What you can do is use a zero clearance fence. Make a sacrificial fence attach one end to your table and pivot it into the spinning bit. This will create a hole in the fence the exact shape of your bit. Now that little edge that keeps splintering will have support when routed.

glenn bradley
02-17-2010, 11:07 PM
Red oak can really tearout while routing. I call it blowout as it can be quite severe. I have a mirrored door on a cabinet that is thinner than originally designed due to just what you are experiencing. Here's some good info: http://woodworking.about.com/od/dealingwithproblems/p/ReduceRouterTearOut.htm

When profiling it is not always an option to route "downhill (http://www.zimbio.com/Woodworking/articles/48/Reading+understanding+wood+grain)" as desired. If I have an edge that is really prone to blowout I will take very small passes and climb-cut (http://thewoodwhisperer.com/router-climb-cutting-question-of-the-week/) the last 1/32" to get a clean edge. I have had some success with bump cutting (http://www.youtube.com/watch?v=-l4suyL84-w&feature=channel)but this can be tricky in red oak, ash and other really fibrous woods.

Kent A Bathurst
02-17-2010, 11:12 PM
You can reduce the dangers of climb cutting by bump cutting prior to the climb cut.

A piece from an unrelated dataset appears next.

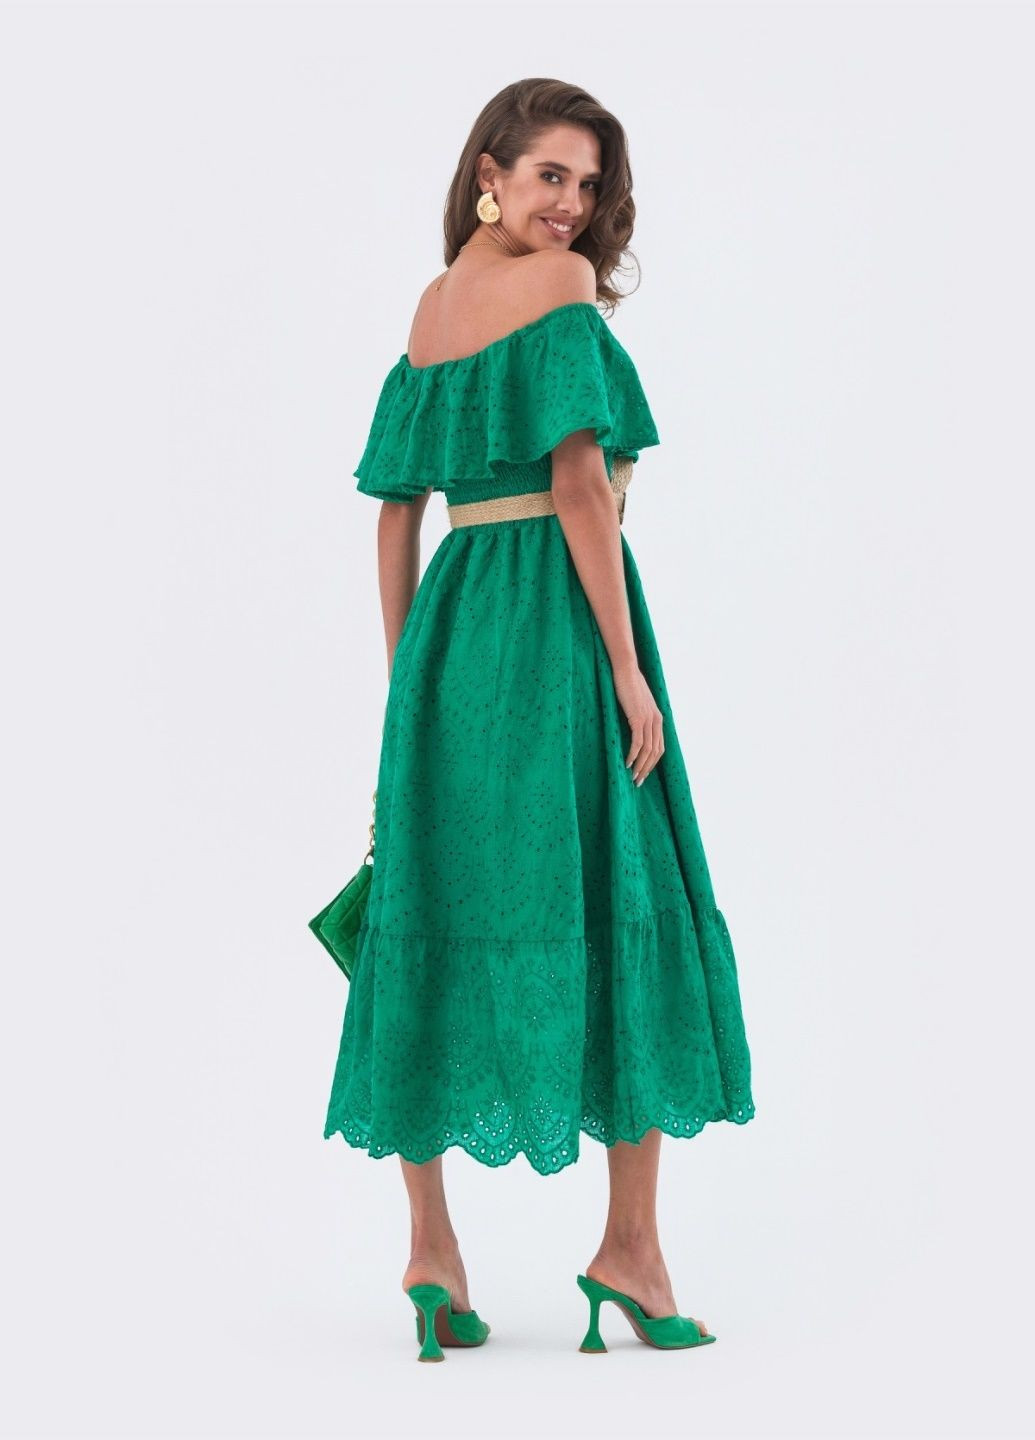 Зелена довга сукня з прошви зелена Dressa

One other way to reduce tearout is use the Freud quadra-cut bits when possible, they effectively double the speed (number of cuts) of the bit.

All right, Van - you got me - "bump cutting"?

Dan Bowman
02-18-2010, 8:52 AM
bump cutting with Charles Neil: http://www.youtube.com/watch?v=-l4suyL84-w

Kent A Bathurst
02-18-2010, 11:13 AM
Dan - thanks - that was a new one on me.

pat warner
02-18-2010, 4:26 PM
Some data (http://patwarner.com/tearout.html), tho not particular new, neither is tearout.

Dennis Lopeman
02-18-2010, 5:49 PM
hey - that Bump Cutting looks kinda purty!!!